Live album by Porter Wagoner
- Released: 1964
- Venue: West Plains, Missouri
- Genre: Country
- Label: RCA Victor
- Producer: Ron Steele

Porter Wagoner chronology
| Y'All Come (1963) | Porter Wagoner in Person (1964) | Confessions of a Broken Man (1966) |

= Porter Wagoner in Person =

Porter Wagoner in Person is an American live album by country music singer Porter Wagoner and other performers, including Norma Jean, Jack Little, and Bacon Rhodes. It was recorded live in West Plains, Missouri, and released in 1964 by RCA Victor (catalog no. LSP-4116).

The album debuted on Billboard magazine's Top Country Albums chart on June 20, 1964, peaked at No. 5, and remained on the chart for a total of 25 weeks.

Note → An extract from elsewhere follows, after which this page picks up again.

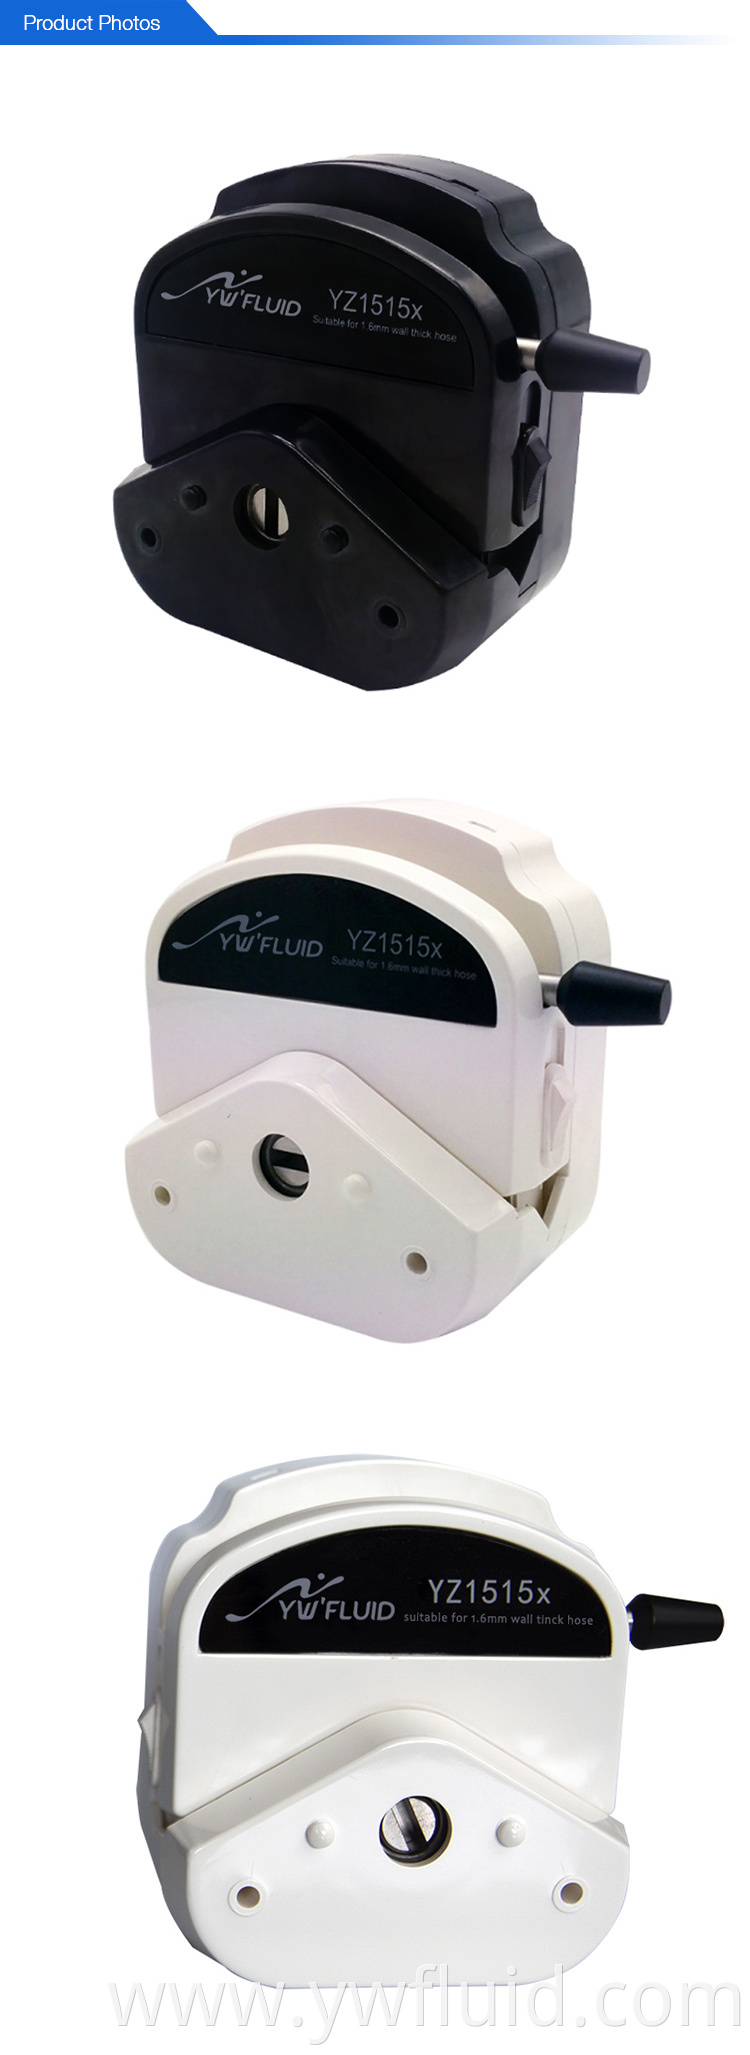 YWfluid automatic tubing retention Pump head peristaltic pump suitable for various sizes of tubing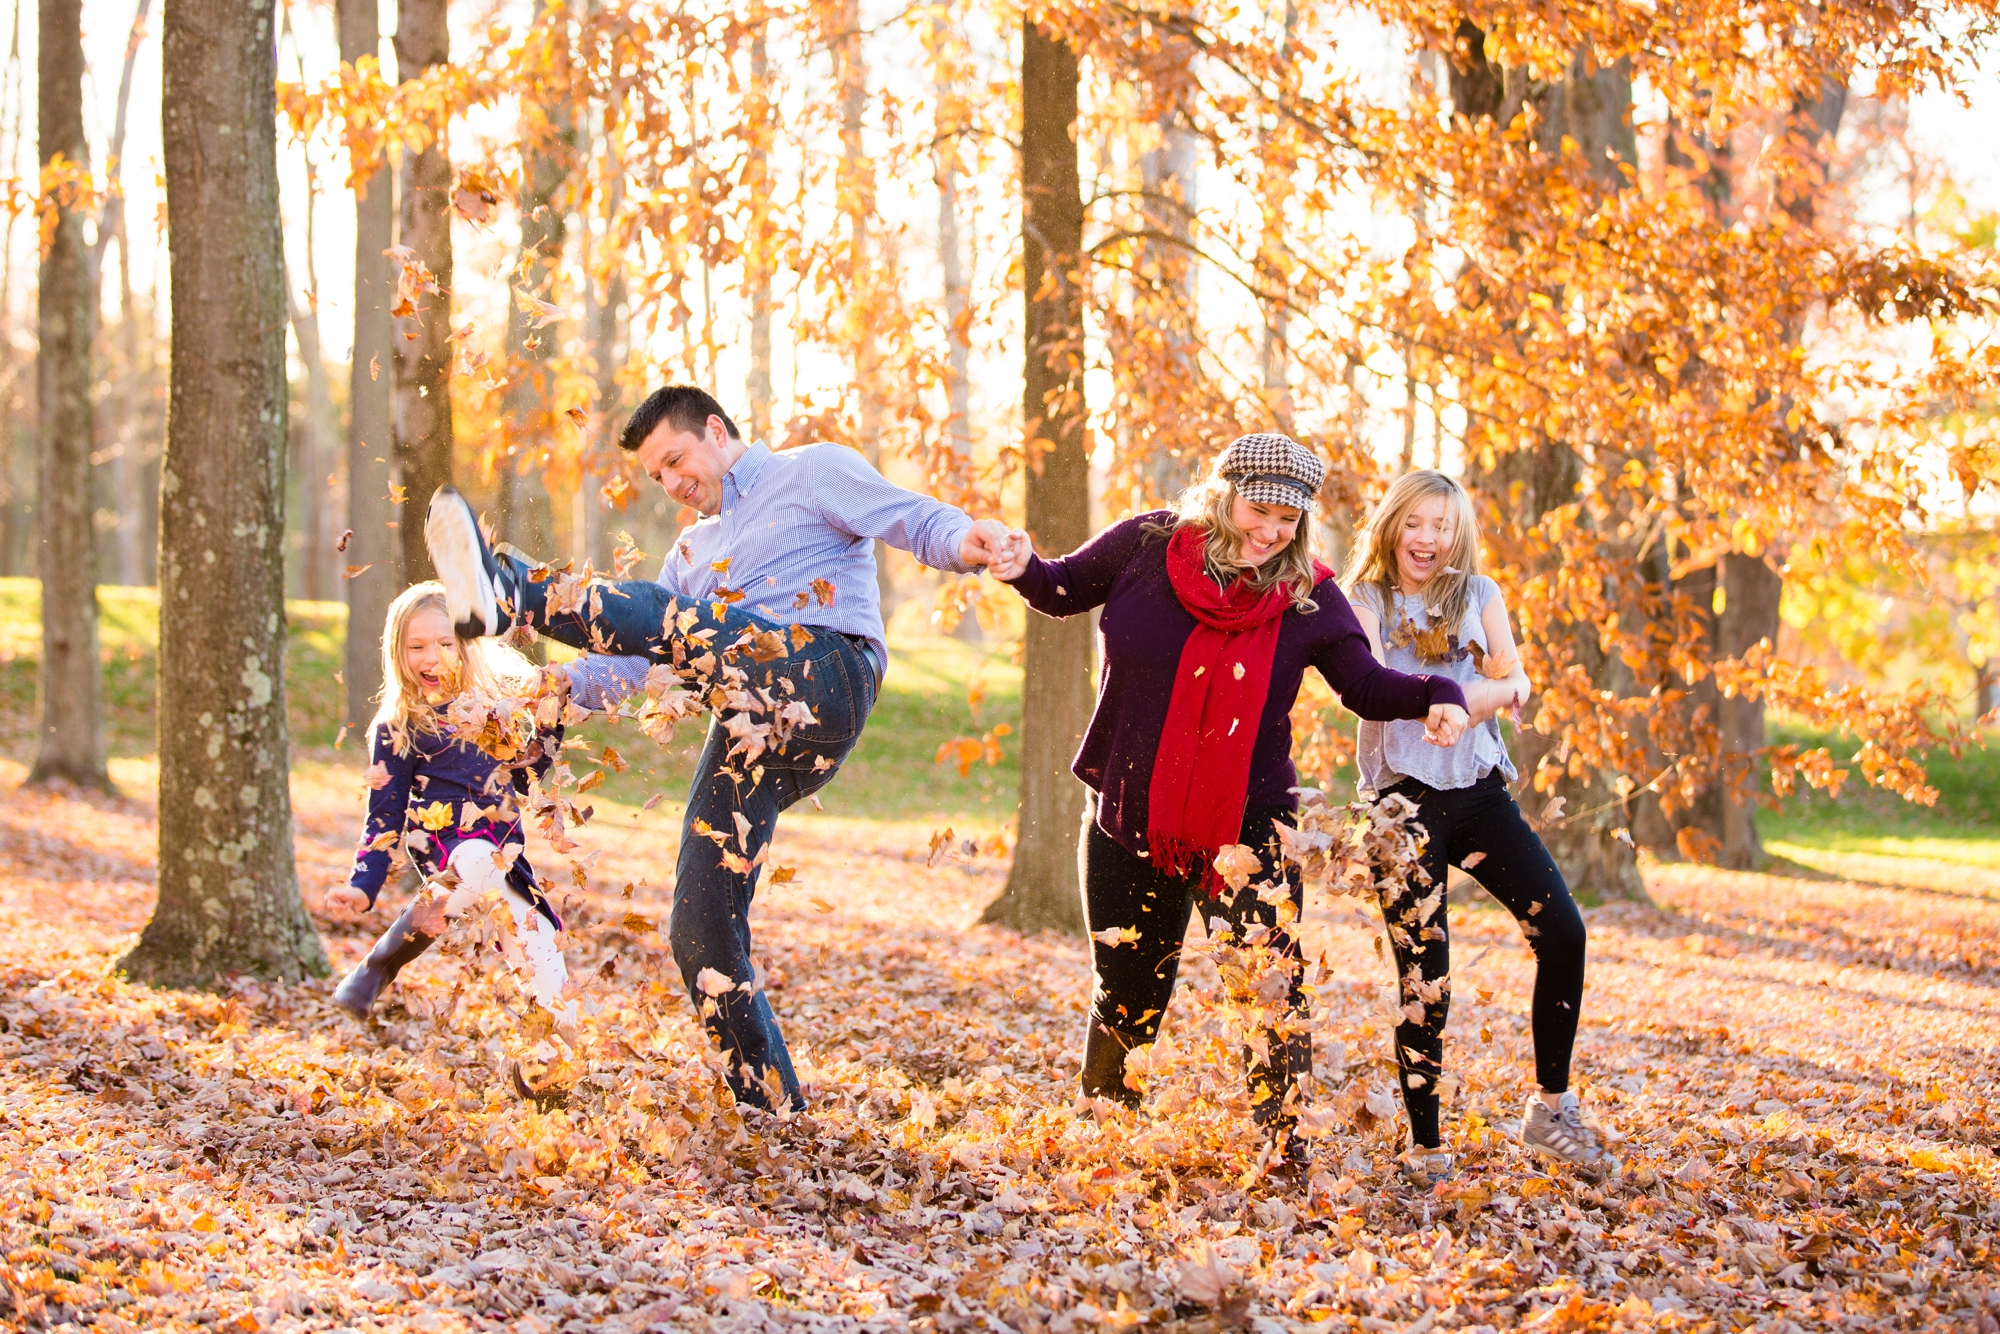 cranberry township family photographer, cranberry township family photos, cranberry township family photos, cranberry township family pictures, cranberry township family pics

AllMusic gave the album a rating of three stars.

==Track listing==
Side A
1. "Howdy Neighbor Howdy"
2. "Misery Loves Company"
3. 'Head Over Heels in Love with You" (lead vocals by Norma Jean)
4. "I Didn't Mean It" (lead vocals by Norma Jean)
5. "Foggy Mountain Top" (solo by Speck Rhodes)
6. "Comedy, Sweet Fern" (comedy by Bacon Rhodes)
7. "Haven't You Heard"
8. "Eat, Drink and Be Merry"
9. "A Satisfied Mind"
10. "I Thought of God"
11. "Sally Goodin'" (violin solo by Jack Little)

Side B
1. "Come on in"
2. "My Baby's Not Here"
3. "Talk Back Trembling Lips" (lead vocals by Norma Jean)
4. "Private Little World" (lead vocals by Norma Jean)
5. "Comedy" (Bacon Rhodes)
6. "Find Out"
7. "An Old Log Cabin"
8. "John Henry" (violin solo by Jack Little)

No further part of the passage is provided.